İklim değişikliğinden kaynaklanan olumsuz sağlık etkilerini azaltmak için çok disiplinli ve entegre halde çalışmalar yapılmalıdır. Öncelikle emisyon salınımını azaltmak ve atmosferdeki CO2’in bitkiler ve mikroorganizmalar tarafından ayrıştırılmasını arttırmak gerekmektedir. İkinci olarak, iklim değişikliğini hastalıkla ilişkilendiren olaylar üzerinde önlem alınmalıdır. Son olarak, olumsuz sonuçlarla başa çıkmak için uygun halk sağlığı sistemleri geliştirilmelidir.
Türkiye’de iklim değişikliği ve sağlık ilişkisi ile ilgili 2015 yılında “İklim Değişikliğinin Sağlık Üzerine Olumsuz Etkilerinin Azaltılması Ulusal Programı ve Eylem Planı’ hazırlanmıştır. Mart 2021’de TBMM Küresel İklim Değişikliğinin Etkilerinin En Aza İndirilmesi, Kuraklıkla Mücadele ve Su Kaynaklarının Verimli Kullanılması İçin Alınması Gereken Tedbirlerin Belirlenmesi Amacıyla Meclis Araştırması Komisyonu kurulmuştur.
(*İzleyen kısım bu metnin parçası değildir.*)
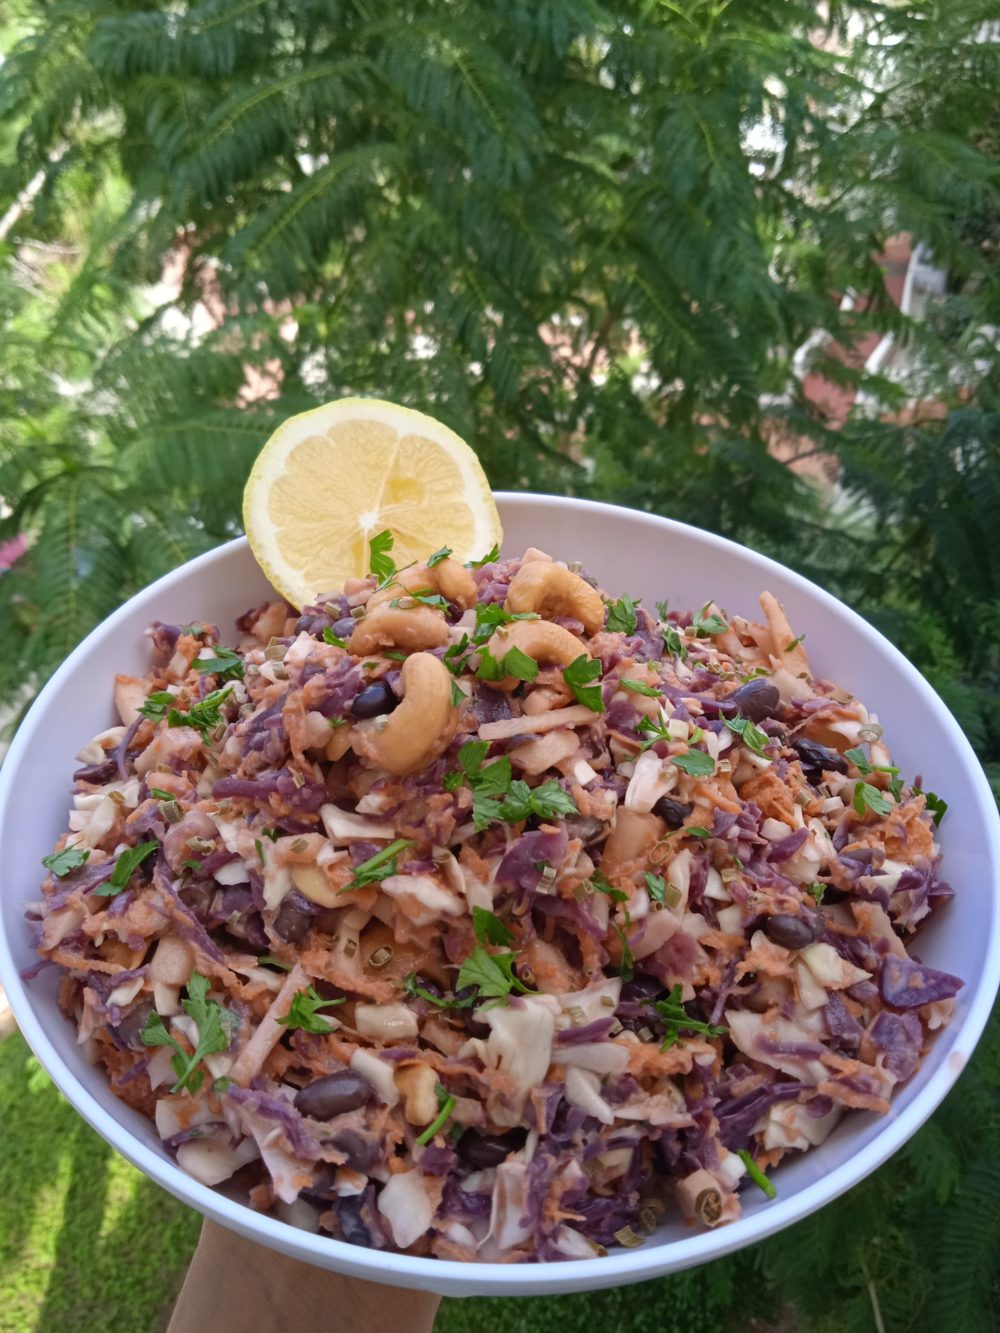 vegan coleslaw in a white bowl with evergreen trees in the background

Türkiye’de iklim değişikliğinin en fazla hissedildiği, iklim değişikliğine bağlı insan sağlığının en fazla etkilendiği bölgelerin başında Büyük Menderes Havzası gelmektedir. Büyük Menderes Havzasının can damarı olan Büyük Menderes Nehri Türkiye’nin en kirli 3’cü nehridir. Nehir kirliliğine bağlı olarak her gün toplu balık ölümleri yaşanmakta, balıkların genetik yapısı değişmektedir. Büyük Menderes Nehir suyu ile sulanan tarımsal topraklardaki kirlilik nehir kirliliğinden 5 kat fazladır. Kirli su ile sulanan ve kirli topraklarda yetişen tarımsal ürünler ağır metal ve kanserojen madde deposu görevi görmekte. Tarımsal ürünleri tüketen insanlar ise solunum hastalıkları, kanser, dolaşım hastalıkları, metabolik ve beslenme bozukluğu hastalıkları, endokrin hastalıkları pençesinde ölüm sırasını beklemekte. Aydın bu değişikliklere bağlı olarak Türkiye’de dolaşım sistemi hastalıklarına bağlı ölümlerin en fazla olduğu il haline gelmiştir. Aydın’da tiroid, lenfoma, mide-bağırsak ve mesane kanserlerine bağlı ölümler Avrupa ve Türkiye ortalamasından daha fazla meydana gelmektedir. Heredot tarafından “Gök kubbe altındaki en güzel topraklar” diye adlandırılan Aydın toprakları Aydın halkı ve yöneticilerin aç gözlülüğü, umursamazlığı sonucu bugün hastalık, kanser ve ölüm toprakları haline gelmiştir.